━━━━━ Source data

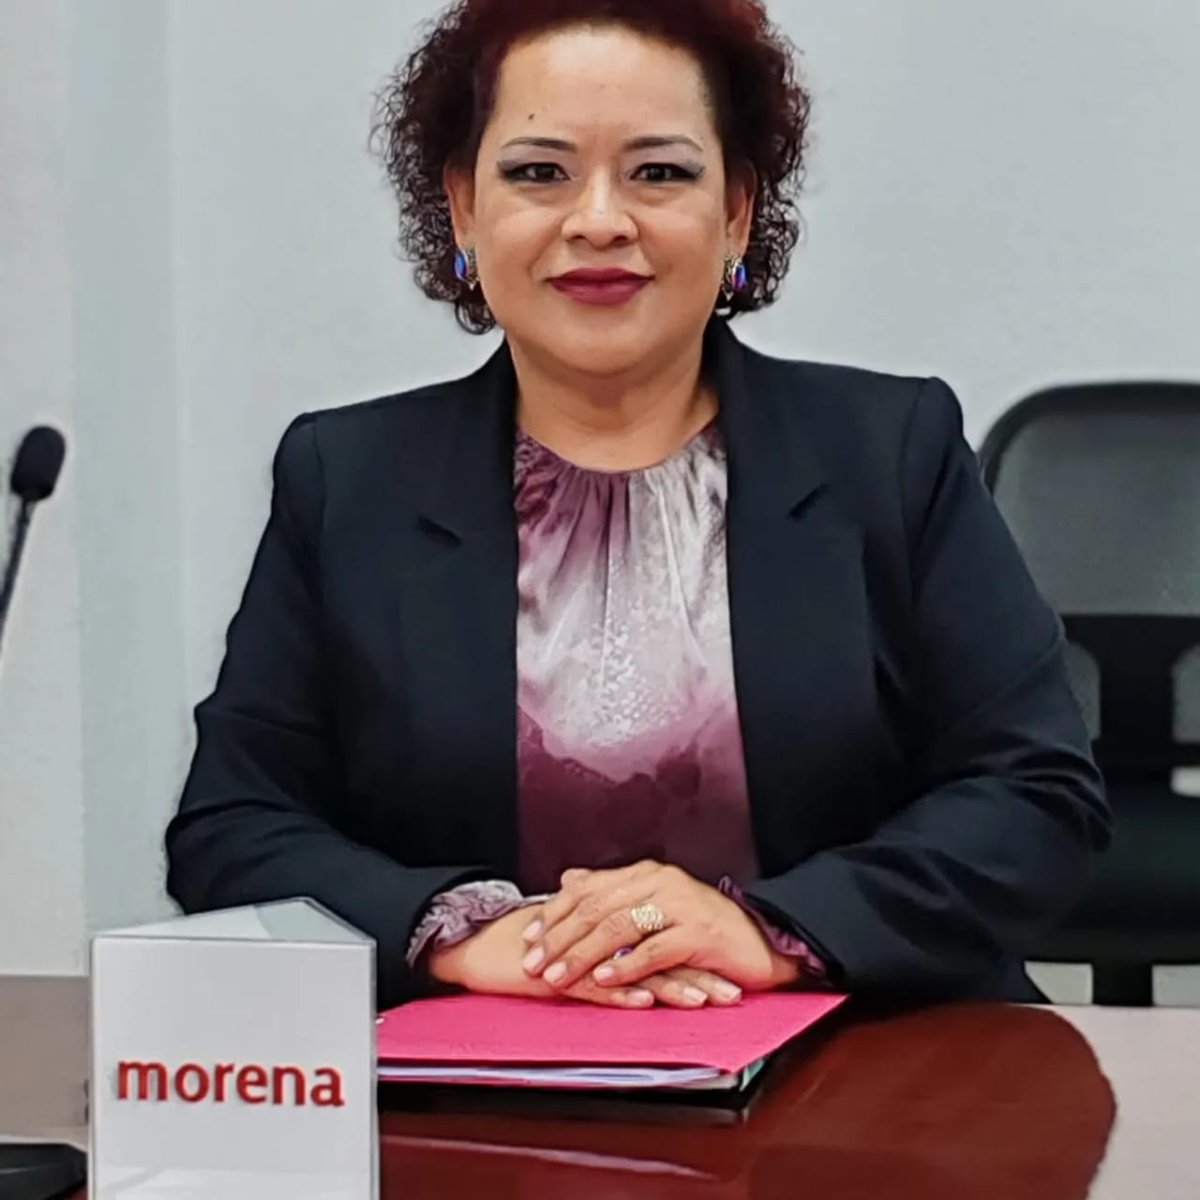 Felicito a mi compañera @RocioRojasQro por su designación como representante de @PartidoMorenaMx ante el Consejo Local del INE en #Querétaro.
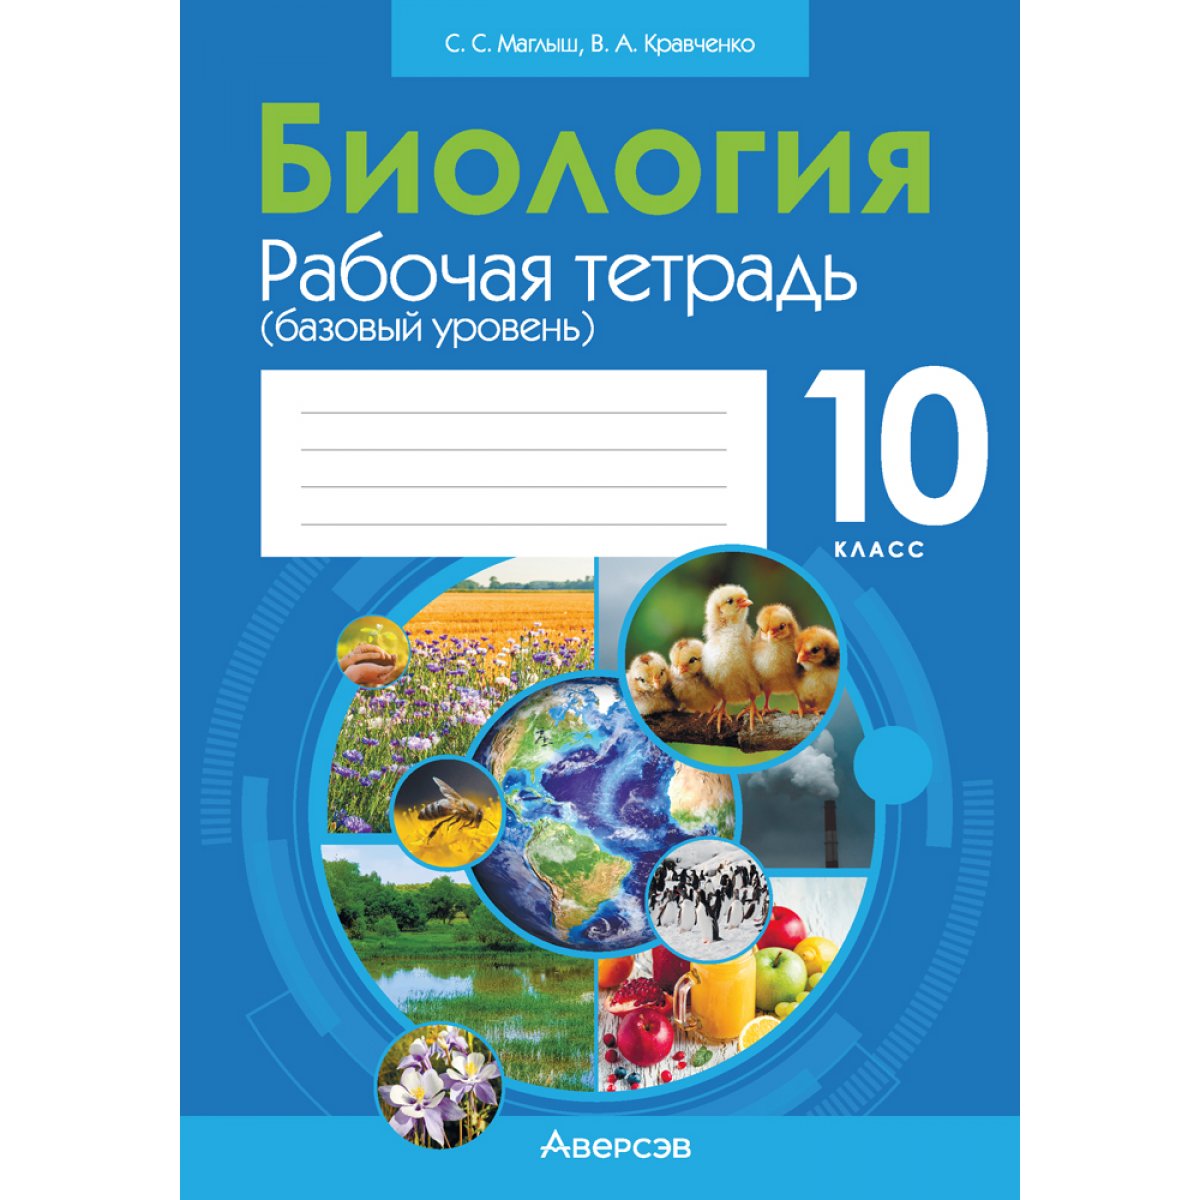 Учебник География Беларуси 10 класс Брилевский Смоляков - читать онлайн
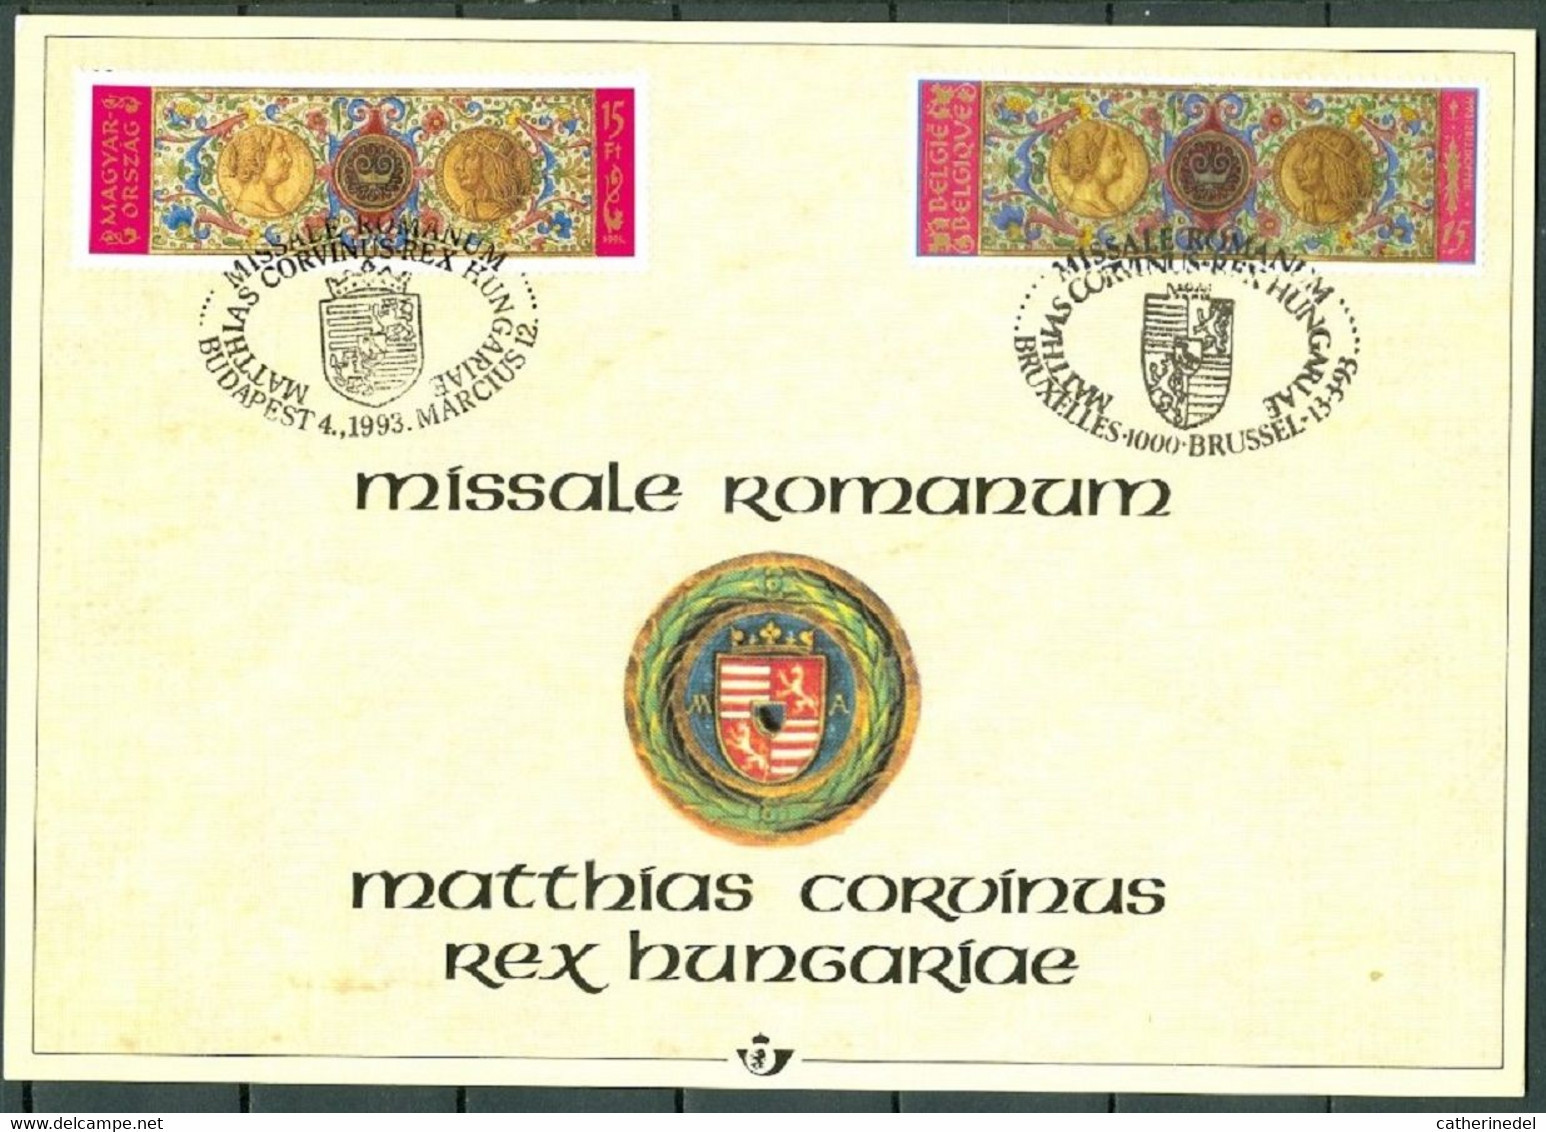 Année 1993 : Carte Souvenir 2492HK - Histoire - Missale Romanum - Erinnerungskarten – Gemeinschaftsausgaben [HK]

━━━━━━━━━━

Required action
Reproduce the lines from the one with "Учебник География Беларуси" through the end of the data, keeping both end lines, adding nothing, and dropping any pictures.

Exercise output
 Учебник География Беларуси 10 класс Брилевский Смоляков - читать онлайн
 Année 1993 : Carte Souvenir 2492HK - Histoire - Missale Romanum - Erinnerungskarten – Gemeinschaftsausgaben [HK]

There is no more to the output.